The most exported symbol in Chinese thought is two fish, dark and light, curled into one circle — each holding the other's eye at its heart. Yin and yang are not enemies and were never opposites at war: they are one process, seen at two moments. Load and recovery. Effort and ease. Season and off-season. This meditation is about the athlete's oldest mistake — picking a side — and the circle that never asked anyone to.

Series
The Taoist Athlete · Wisdom Series
Principle
05 · Yin and Yang
Author
Noah Wickliffe
Read
~9 minutes
“The ten thousand things carry yin and embrace yang. They blend their energies, and by this blending are made harmonious.”— Lao Tzu · Tao Te Ching, 42
Before you read further

Answer without thinking: which do you secretly believe is the real training — the work, or the rest? Everyone has a side. Notice yours. The article is about the cost of having one.

§01 — The Principle

Not opposites — phases

“Yin in its highest form is freezing, while yang in its highest form is boiling... and from the two comes what completes all things.”— Chuang Tzu · Chapter 21

The West received the symbol and misfiled it under “opposites.” The tradition never said opposites. It said phases of one turning — and the difference changes everything downstream.

Look at what the old image actually claims. The dark and light fish are not adversaries dividing territory; they are one circle's two moments — and each carries, at its widest point, the seed of the other: the light eye in the dark fish, the dark eye in the light. Day is not fighting night; day is becoming night, always, from noon onward, and night is becoming day from its own deepest hour. Yin — the shaded hillside, the receptive, the yielding, the gathering — and yang — the sunny slope, the active, the expressed, the spending — name the two faces of every living process, and the tradition's claim is structural: neither exists without the other, neither is the “real” one, and everything alive is the alternation itself. The breath is the proof carried in every chest: the exhale is not the inhale's failure. There is no side to pick. There is only the turning, and the question of whether you turn with it.
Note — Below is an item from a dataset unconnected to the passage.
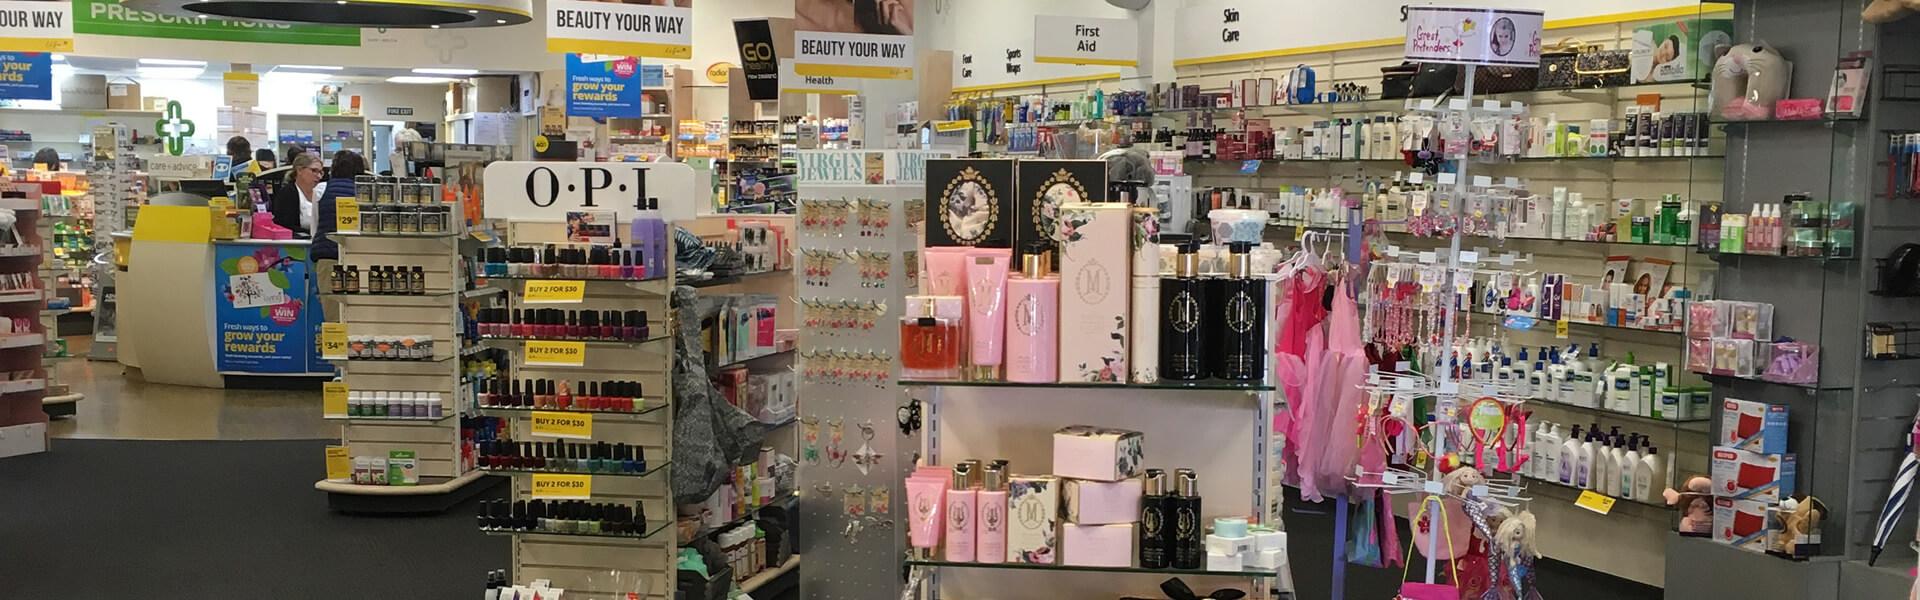 Store Interior 01 At Life Pharmacy Blenheim In Marlborough NZ

The forty-second poem places this at the root of everything: the ten thousand things carry yin and embrace yang, and are made harmonious by the blending — not the victory. And the diagnostic follows immediately, sharp as anything in the tradition: dysfunction, wherever it appears, is one phase attempting to secede from the circle. All spending and no gathering: the burnout, the breakdown, the yang that boils dry. All gathering and no spending: the stagnation, the atrophy, the yin that freezes solid. Health — of a body, a season, a career, a life — is not the triumph of the better half. It is the amplitude and rhythm of the whole wave.

Every athlete already trains inside this teaching and most train against it. The name for training against it fills the sports-medicine journals. The name for training with it fills the record books. The rest of this article is the difference.

One circle, two fish
Fig.01 · Each carries the other's eye
Not adversaries dividing territory — one process at two moments, each turning into the other, each holding the other's seed.
Yang
spending · expressing · the work — carrying rest's eye
Yin
gathering · receiving · the rest — carrying work's eye
The turning
the wave itself — where the living happens
the exhale is not the inhale's failure
Framework: TTC 42 · the taijitu · phases, not opposites
Dysfunction is one phase attempting to secede from the circle.— the tradition's diagnostic
§02 — The Teaching

The physiology signed the treaty

“Stress + rest = growth.”— the modern performance literature's own taijitu, in three words

Exercise science, arriving twenty-four centuries later, rediscovered the two fish under laboratory names — and confirmed the strangest part: the gains happen in the dark one.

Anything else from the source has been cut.